So, how do you begin the work day?
Perhaps you dive in to check emails first thing. Or you might scroll through your Twitter feed.
The seminar, “Cultivating Mindful Focus in the Workplace,” concludes that the primary distractions for workers on the job are email and social media.
Not a big surprise.
Do you know workers are bogged down with information equal to 174 newspapers each day? Here are more distracting facts that made us sit up and listen:
- Almost 50% of the time we are not paying attention and experiencing dissatisfaction at work
- Every three minutes we are interrupted on the job
- More than one-third of us are so distracted we cannot get on with our work
So, when our minds are wandering, we are less productive and less happy.
What’s the solution? Be more mindful.
Experts with the UW-Madison School of Medicine and Public Health and the Center for Professional Development at the Wisconsin School of Business tell us that being mindful starts here:
- On overload? Take a break. Stop, drop what you are doing and be in the moment. Sounds simple, but if you are constantly running on all cylinders, this might take some effort.
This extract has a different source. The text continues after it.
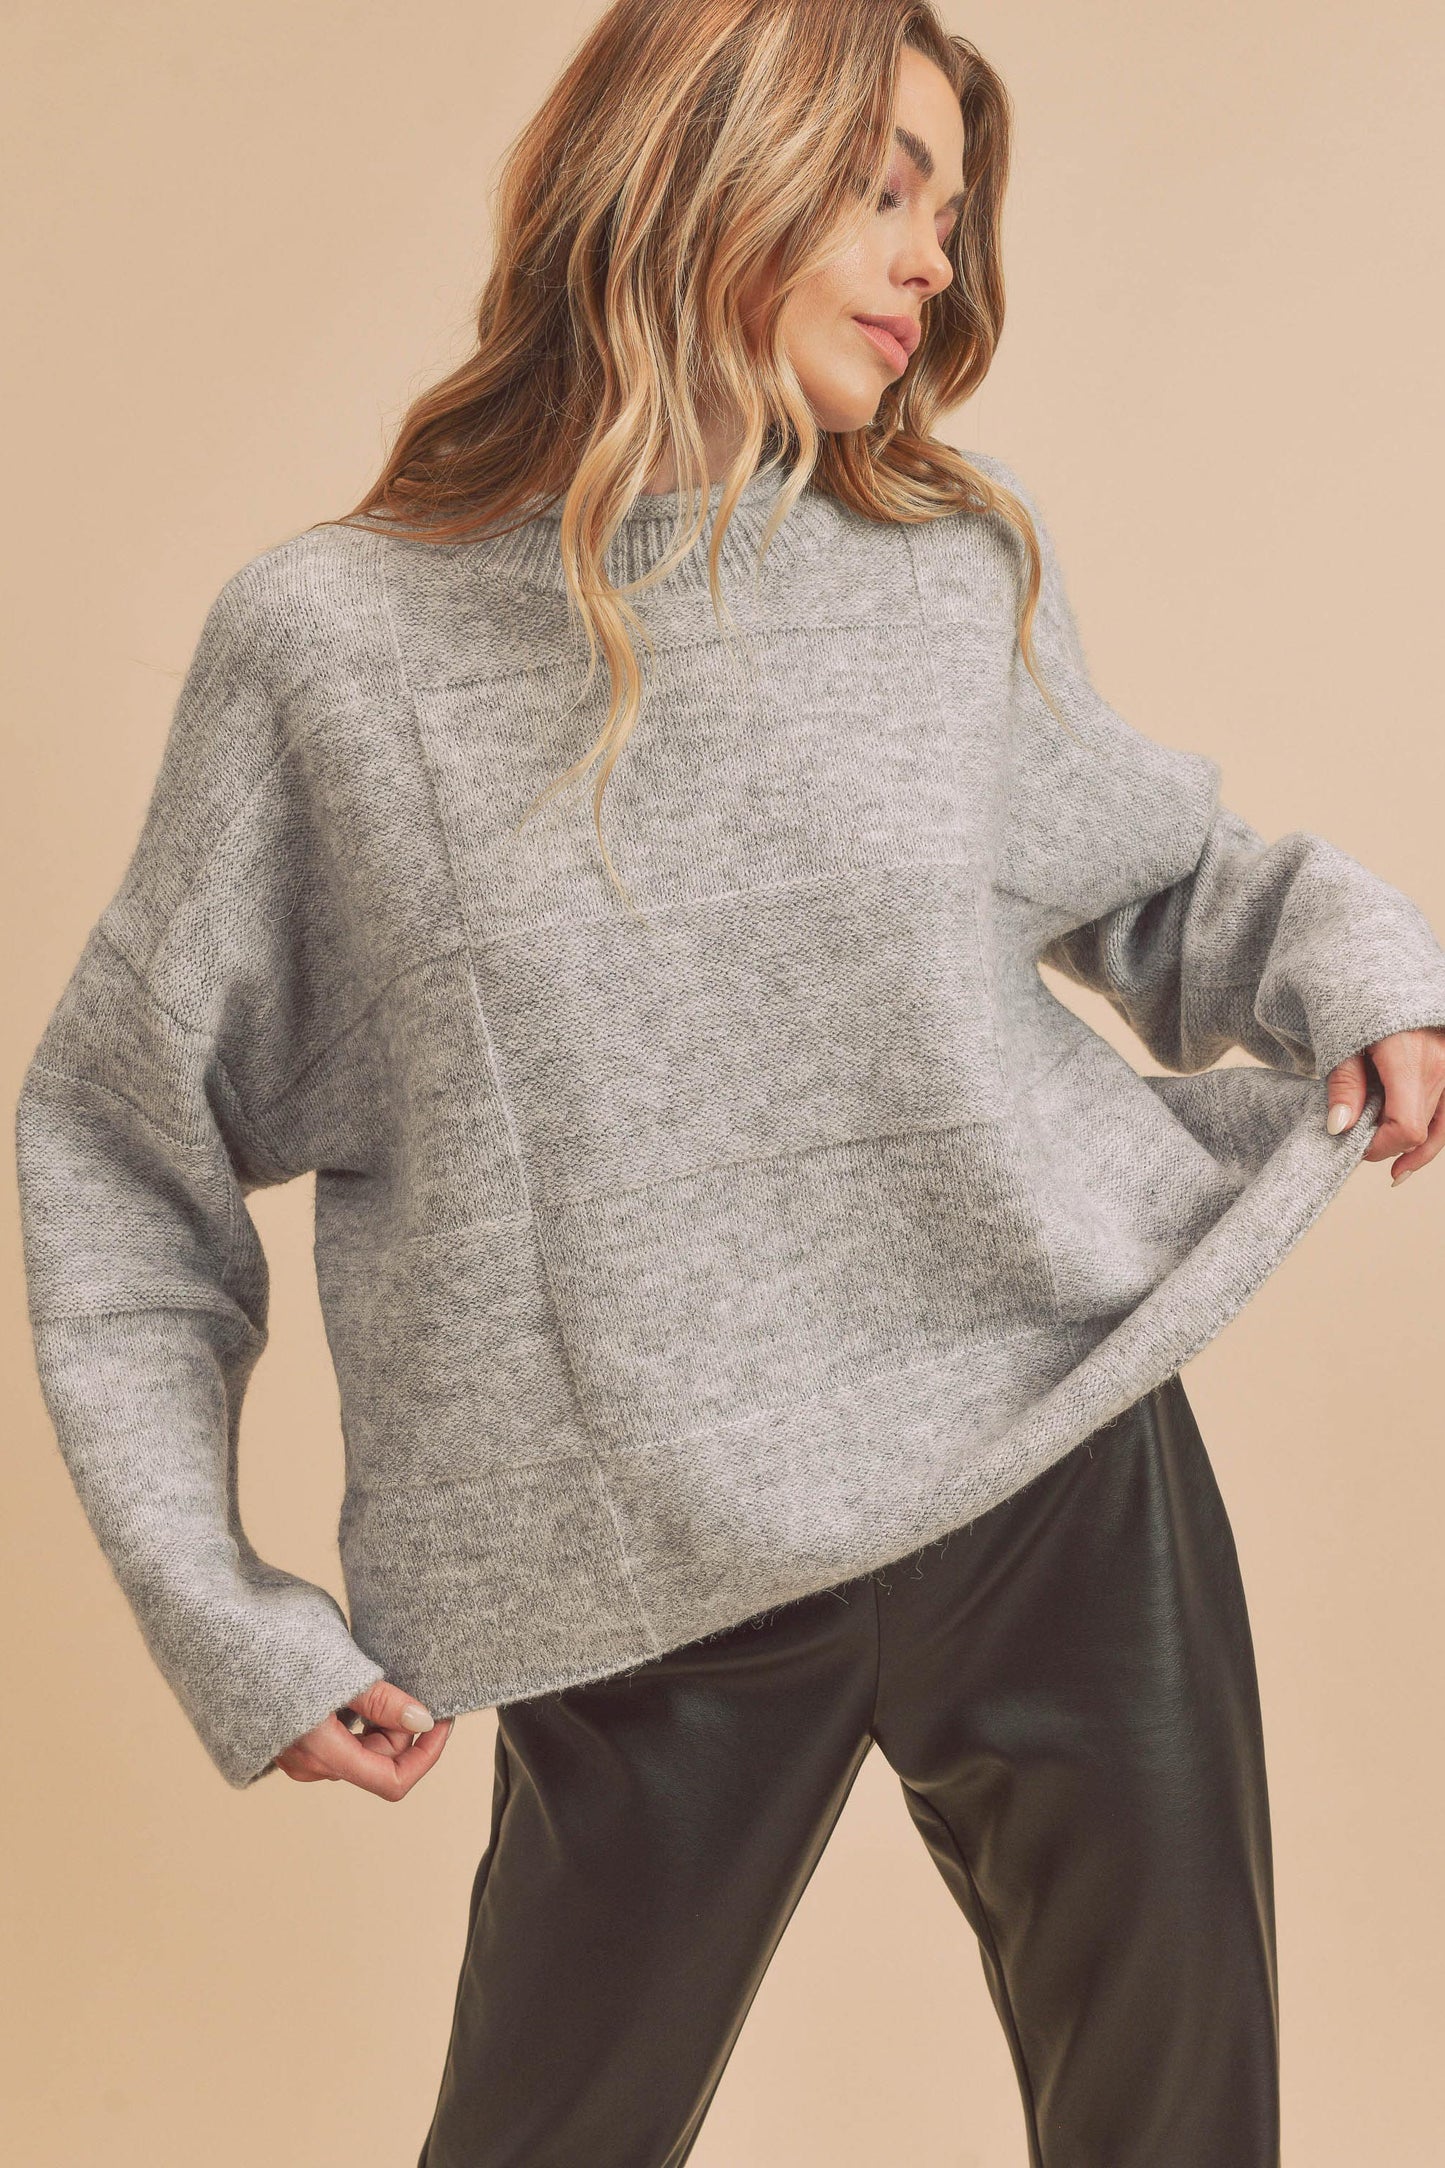 Patch Style Gray Sweater
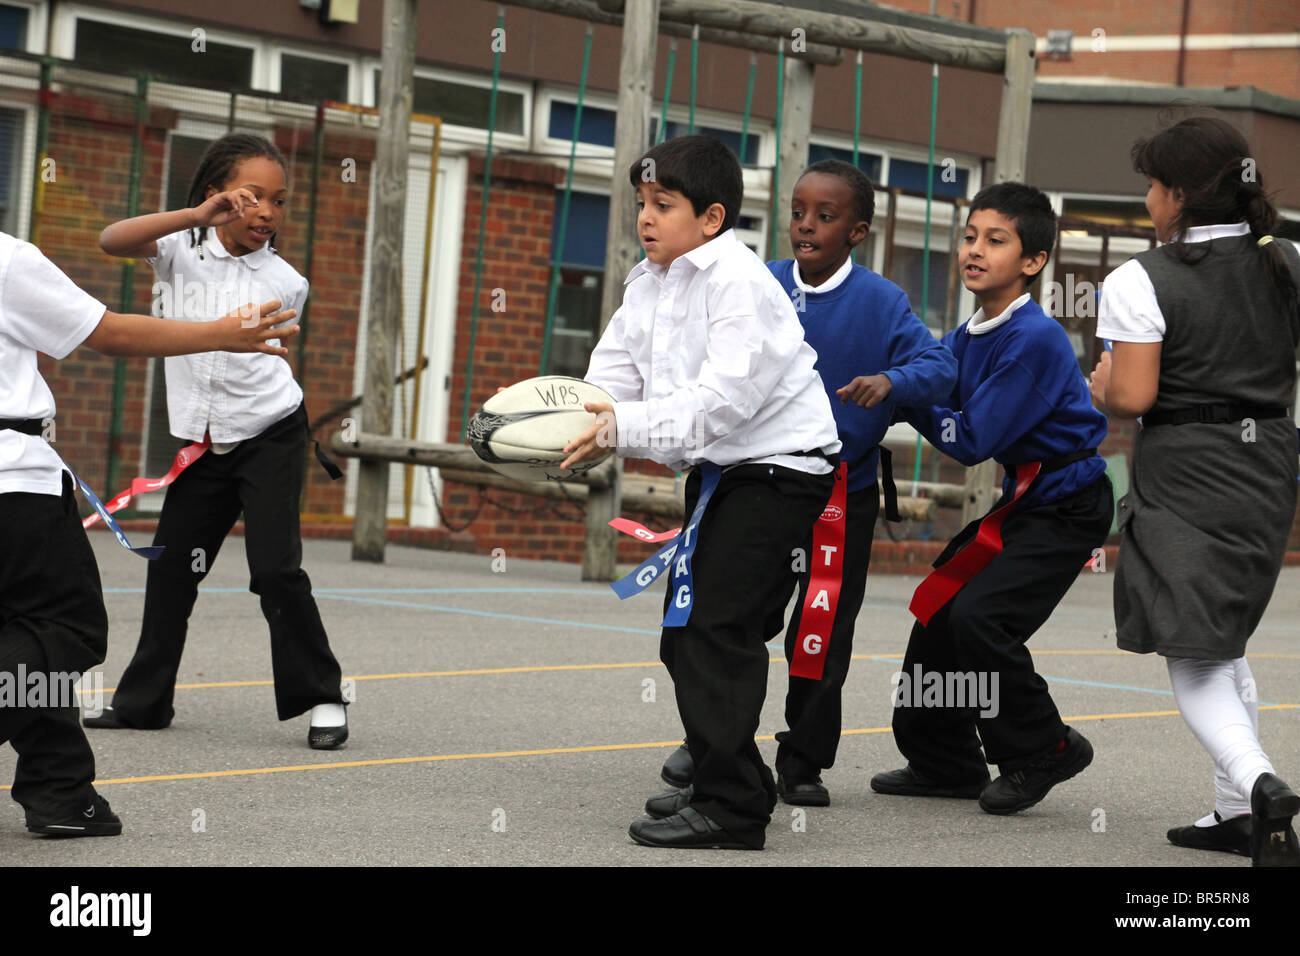 School children play tag rugby or flag rugby. They are 10 years old from year 6. Stock Photo

- Breathe. Personal management starts with this basic element of our daily lives. Pause for two minutes to create space and calmness around you. Then, take three deep breaths at your desk each day BEFORE opening your inbox to build a positive attitude.
We need to pause and learn to breathe. And then consider the 5-3-1 Rule to complement your well-being:
- Be mindful for five minutes each day. Spend this time in meditation. Slow down. Breathe.
- Think of three things that happened – good or bad. At the end of the day, think about and write down the experiences in a journal.
- One random act of kindness. Once a day, compliment someone. Think kind thoughts about another person, wishing them well.
Practicing mindfulness is just like shampoo. Lather. Rinse. Repeat.